Chromatin environment is associated with the relationship between 22G-RNA levels and TE expression

22G-RNAs interact with chromatin-modifying factors to control expression of TEs [43]. piRNA-mediated silencing has been directly linked to the generation of H3K9me2/3-marked nucleosomes (“classical heterochromatin”), and this has been proposed to be important for transcriptional silencing induced by piRNAs [13, 14, 43, 54]. Additionally, it is becoming clear that a large proportion of the autosomal DNA in C. elegans can be divided into two categories. “Active” domains, containing H3K36me3, contain genes that are expressed in the germline and broadly expressed across somatic tissue. “Regulated” domains hold H3K27me3-marked nucleosomes and contain genes that are silent in the germline with restricted expression in specific tissues or developmental stages [55,56,57]. These domains are largely stable through development, including in the adult germline [55, 58]. These chromatin domains are not found on the X chromosome, which has instead an alternative configuration of chromatin enriched in H4K20 mono-methylation and H3K27 methylation due to the activity of the dosage compensation complex [59]. We examined the influence of these types of chromatin on the response of TEs to mutation accumulation.

TEs on the X chromosome showed no difference in expression between N.1 lines and N.100 lines (Additional File 1: Fig.
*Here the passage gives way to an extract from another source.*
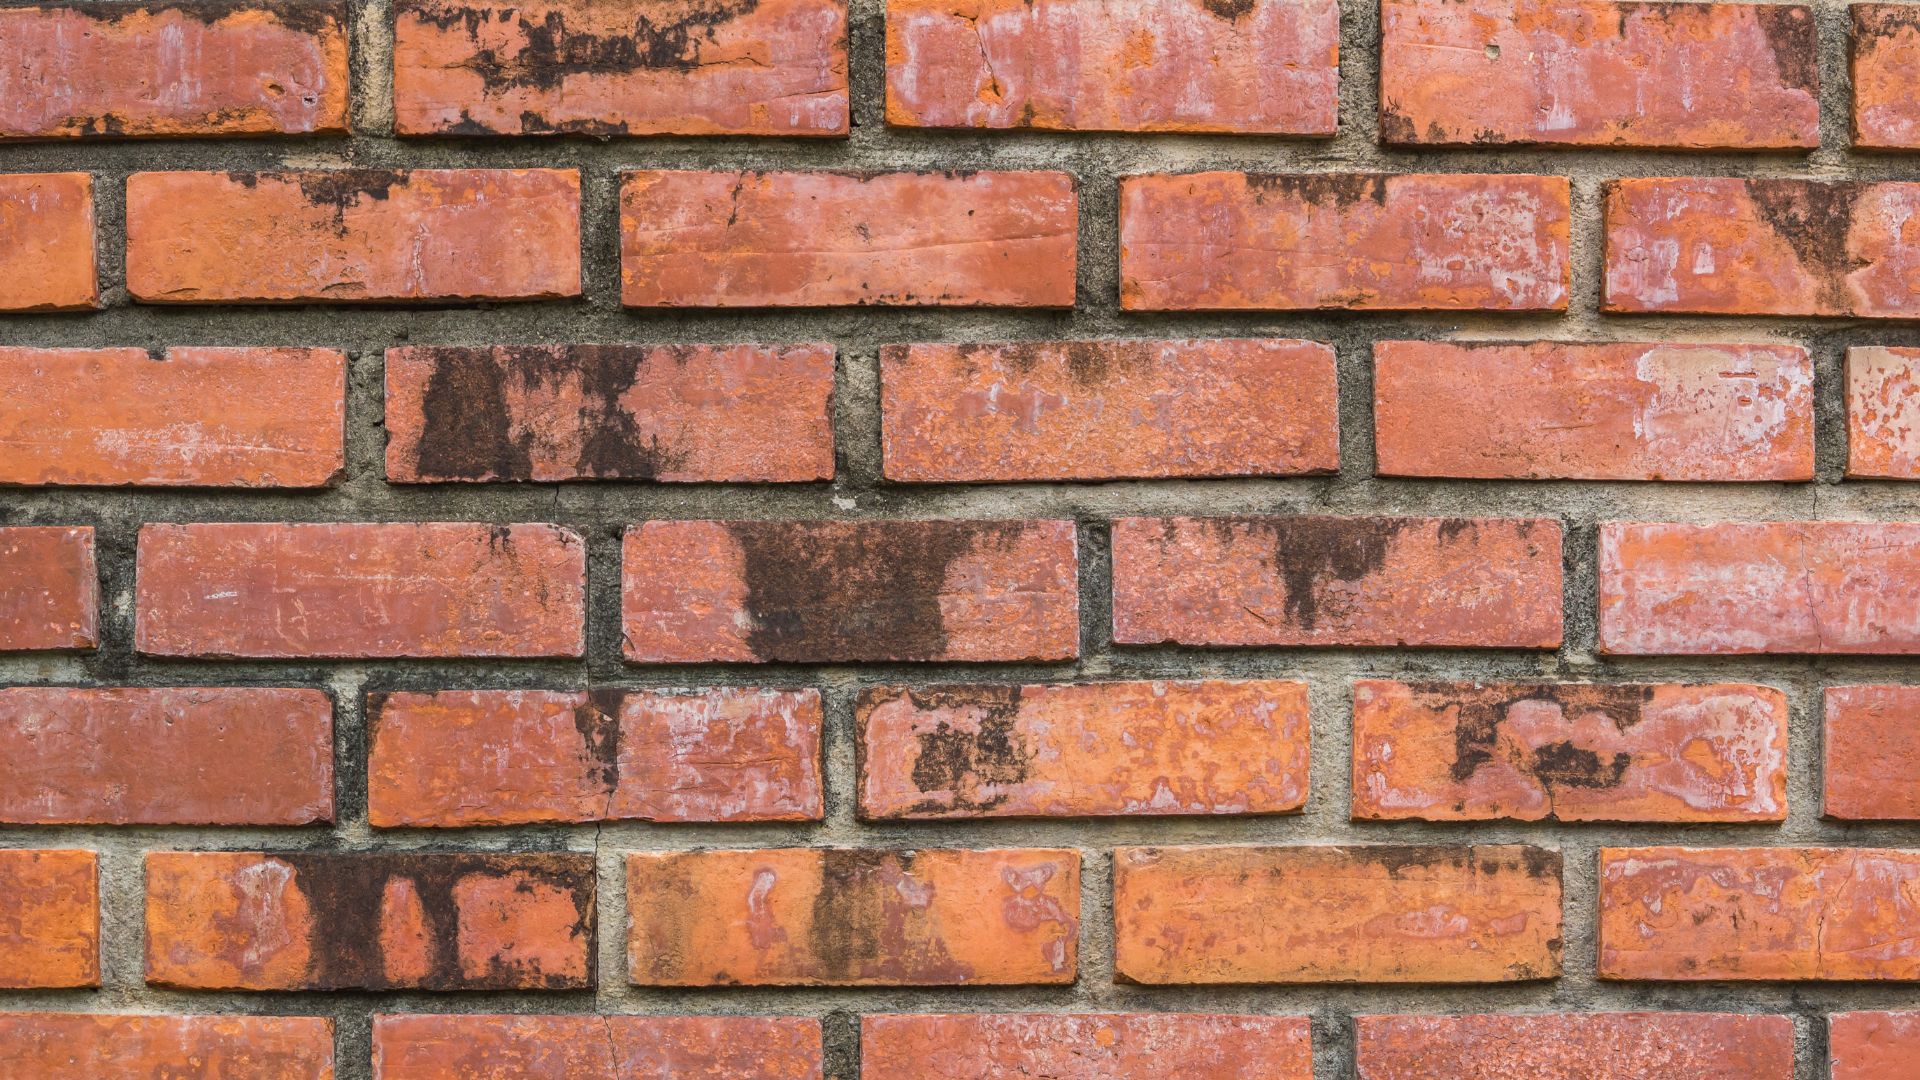 Should You Clean A Brick Wall With A Pressure Washer?

S4A, S4B). There was also no significant difference in TE expression across population size in autosomal regulated domains, classical heterochromatin or active domains (Benjamini-Hochberg corrected p value q > 0.1; Fig. 6a–c). The rare examples of N.1 lines showing significantly higher expression of TEs in classical heterochromatin corresponded to lines in which Tc1 reactivation occurred, consistent with enrichment of Tc1 elements within these regions [43]. However, TEs in active domains had significantly higher expression in the N.1 than all N > 1 lines together (Wilcoxon unpaired test, p = 0.02).

We next examined 22G-RNAs mapping to TEs across different chromatin domains. TEs in H3K27me3-enriched autosomal regulated domains showed significantly (Benjamini-Hochberg corrected p value q < 0.1) increased levels of 22G-RNAs as population size decreased (Jh Benjamini-Hochberg adjusted p value q = 0.06; LR, q = 0.06). TEs in classical heterochromatin also showed significantly increased levels (Jh, q = 0.06; LR, q = 0.10). However, in active domains, there was no significant change in 22G-RNA levels (Fig. 6d–f). Thus, increased 22G-RNAs occur predominantly in TEs within silent autosomal chromatin, marked by either H3K27me3 or H3K9me3.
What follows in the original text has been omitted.